The Wooden Flute in New Zealand
The simple-system wooden flute has been relatively rare in New Zealand; and in comparison to the Boehm instrument, it still is unusual. However, in recent years we have seen a steady growth in interest in this instrument. It used to be that people would say, “but that’s not a flute… ” on seeing a wooden instrument, obviously expecting the Boehm instrument familiar to thousands from school music classes. The increase in numbers of people becoming interested in and playing this instrument has come about as people became exposed to the sound of the wooden flute as part of the enormous world-wide surge in interest in Irish culture over the last ten years or so. (Riverdance, Lord of the Dance, Guinness Tours of New Zealand, etc…)

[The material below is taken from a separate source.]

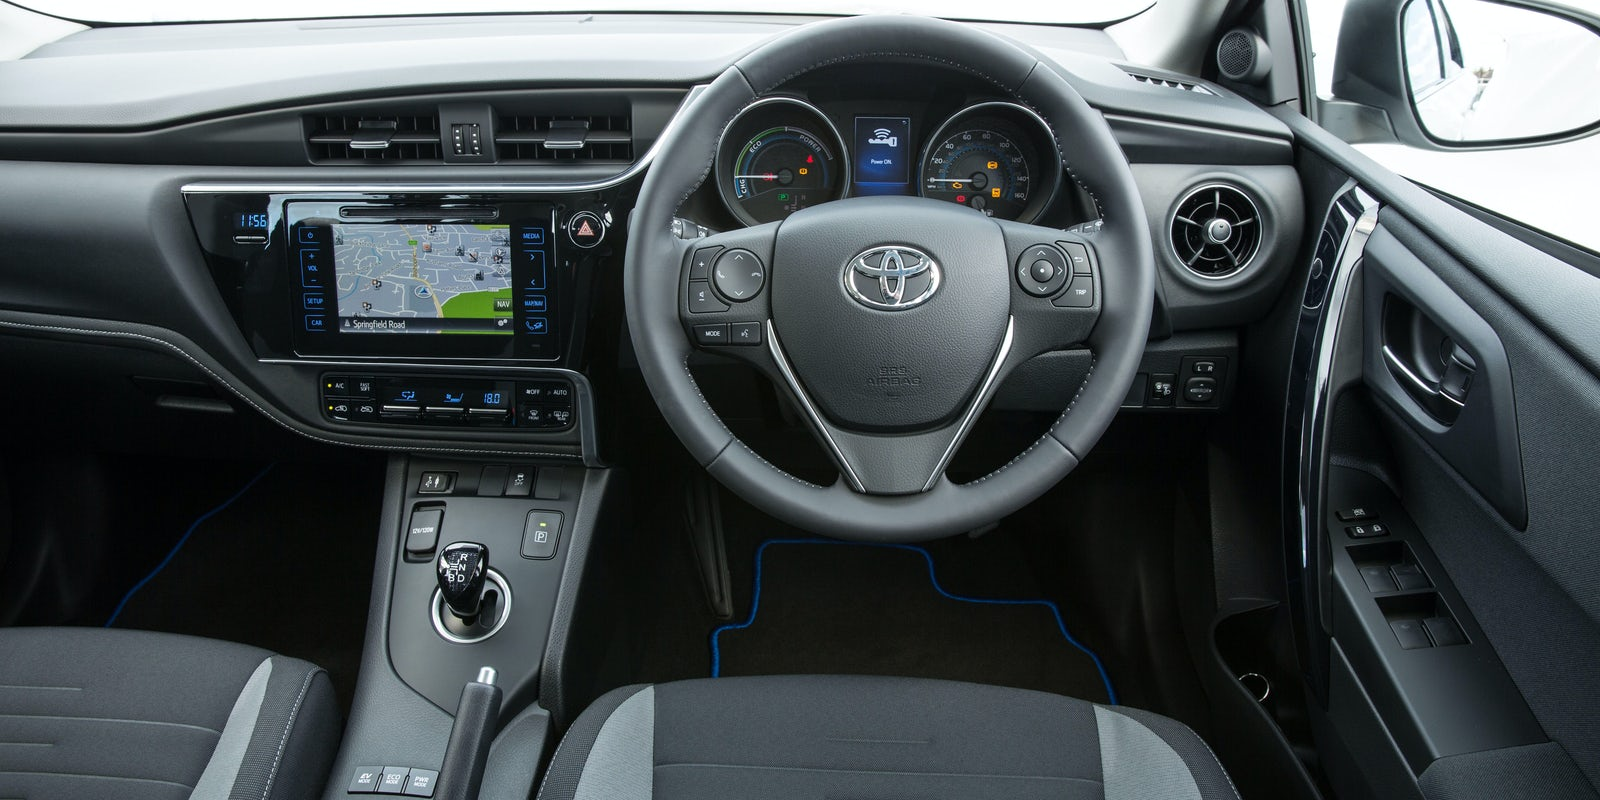 Toyota Auris Interior & Infotainment | carwow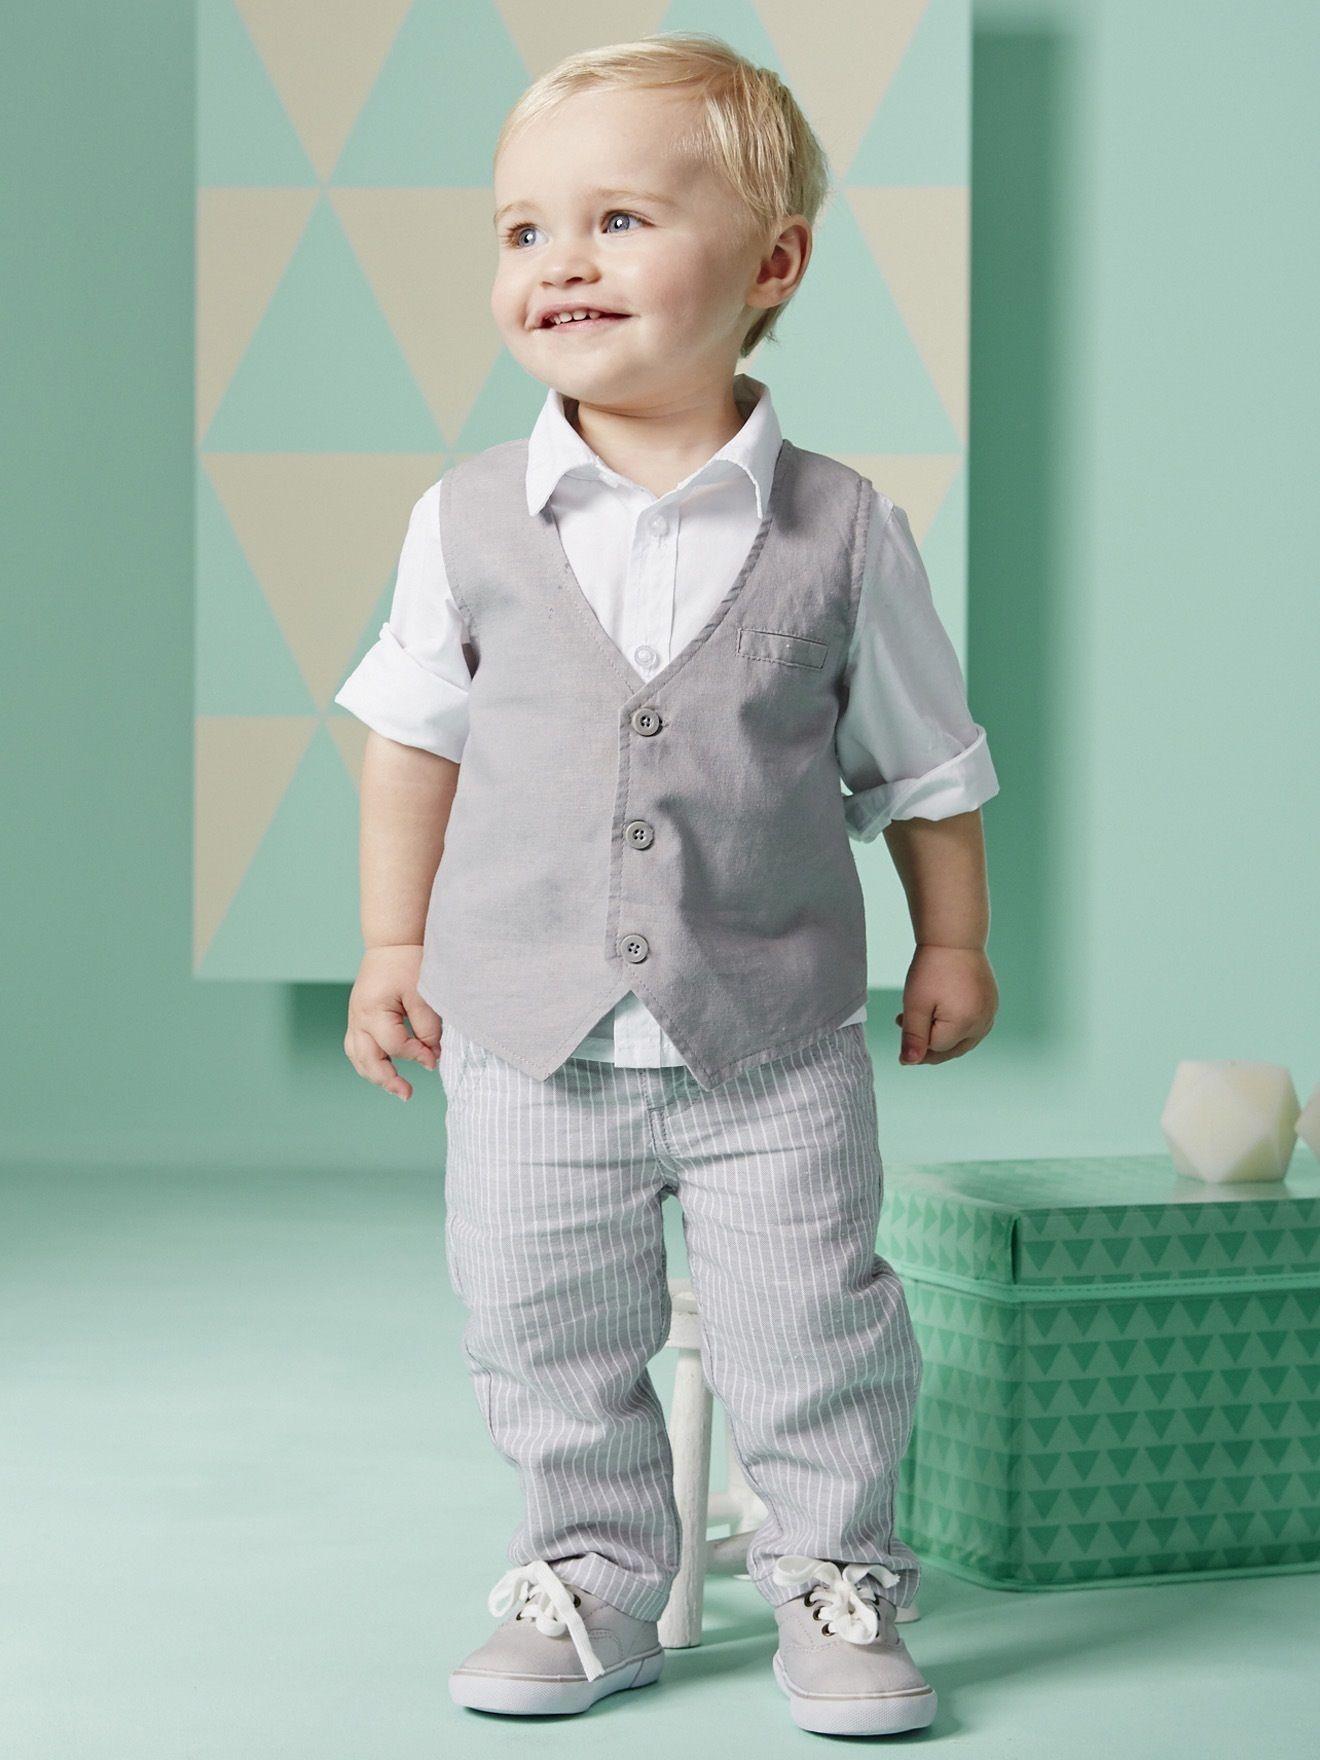 2016 Nuovo Ragazzo Imposta Camicie Manica Lunga Pantaloni Gilet 3 Pz Set Boy Gentleman Set baby boy gilet set tre pezzi vestito a strisce

The wooden simple system flute [also known as Irish flutes] is used almost exclusively for Irish traditional music, (though there may be professional musicians using it for classical performance, as is the case overseas). The author is aware of one musician in Wellington, Barnard Wells, who uses the simple system flute for playing Cuban and Latin music in a band situation. In nineteenth century Ireland, traditional music survived amongst the poor and impoverished; the classical music of the drawing room being the preserve of the rich. In 1831 Theobald Boehm invented his metal flute and sometime after, the wooden instruments it replaced gradually became un-fashionable; thus becoming affordable or at least more available to ‘folk-musicians’. It is not known (at least to the author) when exactly this occurred, but the transition must have been slow as classical musicians would have had to re-learn a whole new fingering system. In any case Irish traditional music formally played on pipes, fiddle and whistle could now also be played on the simple system eight-key wooden flute.